DAILYHIYS.ID – Anggota DPRD Provinsi Banten dari Fraksi Kebangkitan Bangsa (PKB), Umar Bin Barmawi, Menyerap Aspirasi masyarakat dalam Reses Masa Persidangan II Tahun Sidang 2025–2026 di Desa Jeruk Tipis, Kecamatan Keragilan, Kabupaten Serang.
Dalam kegiatan tersebut, Umar Bin Barmawi menyerap langsung berbagai aspirasi masyarakat, terutama terkait persoalan bantuan sosial untuk lansia, kepesertaan BPJS PBI, Serta Makan Bergizi geratis.
Menurut Umar, masyarakat Desa Jeruk Tipis masih menghadapi persoalan rendahnya kesadaran terhadap pengelolaan data dan arsip pribadi, khususnya dokumen kependudukan. Banyak warga, terutama lansia, yang tidak mengetahui keberadaan KTP mereka.
“Kami mendapatkan gambaran bahwa kesadaran masyarakat terhadap arsip data pribadi masih sangat kurang. Bahkan, ada warga yang tidak tahu KTP-nya berada di mana. Ini tentu sangat memprihatinkan,” ujarnya Umar kepada waryawan saat di temui di lokasi, Kamis sore, (12/2/2026).
Lebih lanjut. Ia juga mencatat banyaknya warga lanjut usia yang belum mendapatkan manfaat Program Makan Bergizi Gratis.
menurutnya, sasaran program tersebut tidak hanya terbatas pada siswa, melainkan juga seharusnya mencakup kelompok lansia.
“Banyak lansia yang hadir dalam reses ini mengeluhkan belum tersentuh program makan bergizi gratis.
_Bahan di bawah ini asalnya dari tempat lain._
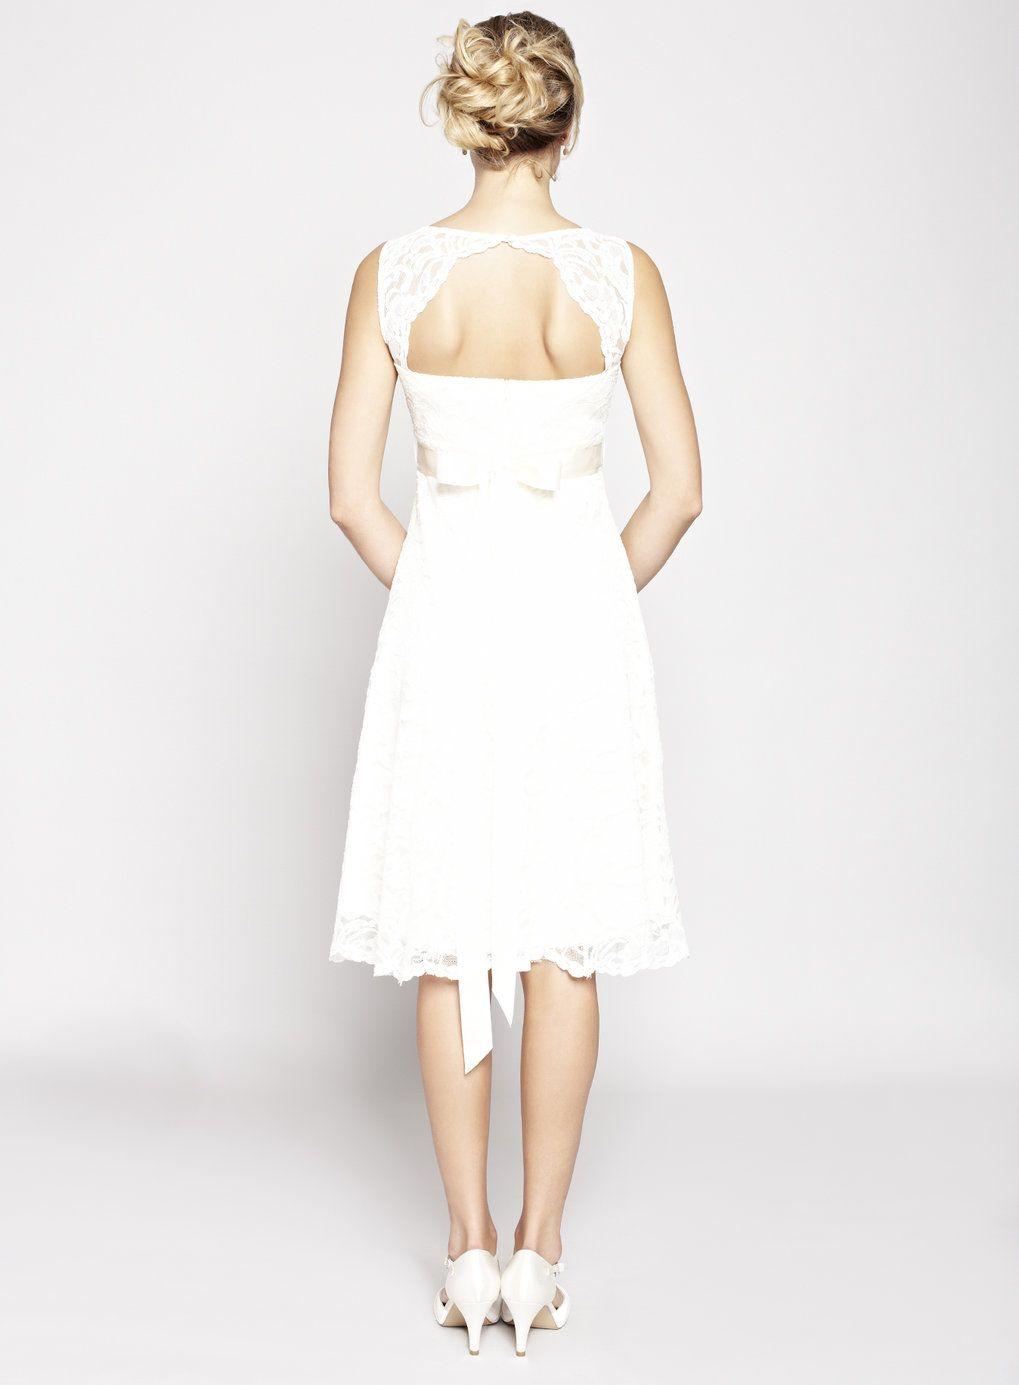 Ivory bella lace short bridal dress wedding bhs for Short ivory lace wedding dress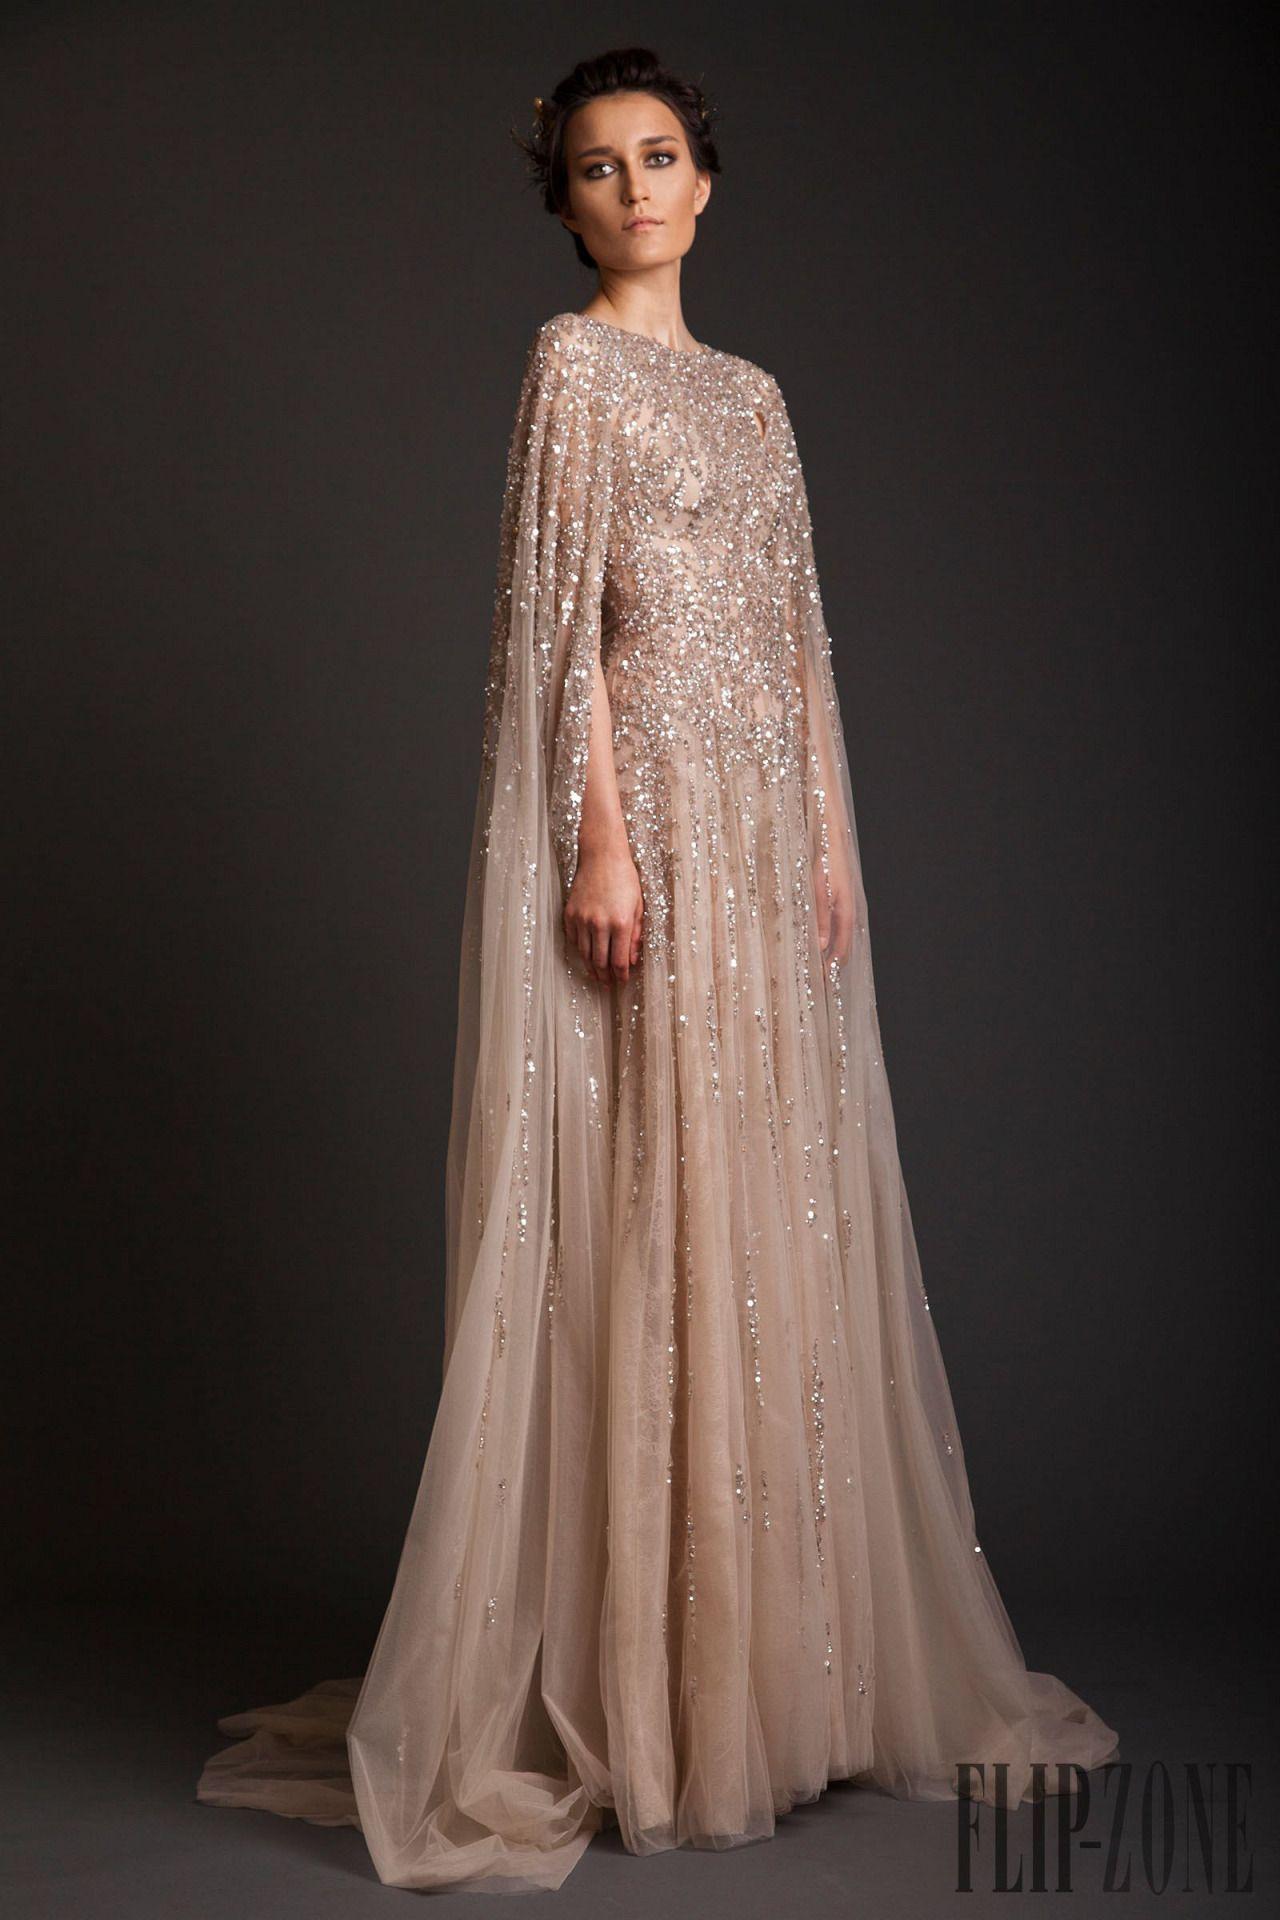 Style of Westeros - Daenerys Targaryen - Krikor Jabotian Haute Couture...

Ini menjadi catatan penting dan akan kami dorong agar lansia juga masuk dalam skema penerima manfaat,” tegasnya.
Aspirasi lainnya disampaikan masyarakat persoalan BPJS PBI yang nonaktif dan masih dialami sebagian warga Desa Jeruk Tipis.
Menanggapi hal tersebut, Umar bin Barmawi menegaskan bahwa dua isu utama yang menjadi skala prioritas adalah pemenuhan hak lansia terhadap program makan bergizi gratis dan penanganan kepesertaan BPJS PBI.
“Terkait BPJS yang nonaktif, masyarakat tidak perlu khawatir. Saat ini pemerintah memang sedang melakukan pemilahan dan verifikasi agar bantuan iuran diprioritaskan bagi warga yang benar-benar masuk kategori tidak mampu,” jelasnya.
Ia menambahkan, seluruh aspirasi masyarakat akan segera ditindaklanjuti dan dimasukkan ke dalam pokok-pokok pikiran anggota DPRD melalui Sistem Informasi Pemerintahan Daerah (SIPD), serta didorong kepada dinas-dinas terkait.
“Kami akan mendorong Dinas Sosial untuk melakukan verifikasi lapangan, menentukan mana warga yang layak dan tidak layak menerima bantuan. Ini menjadi tanggung jawab pemerintah agar bantuan tepat sasaran,”pungkasnya.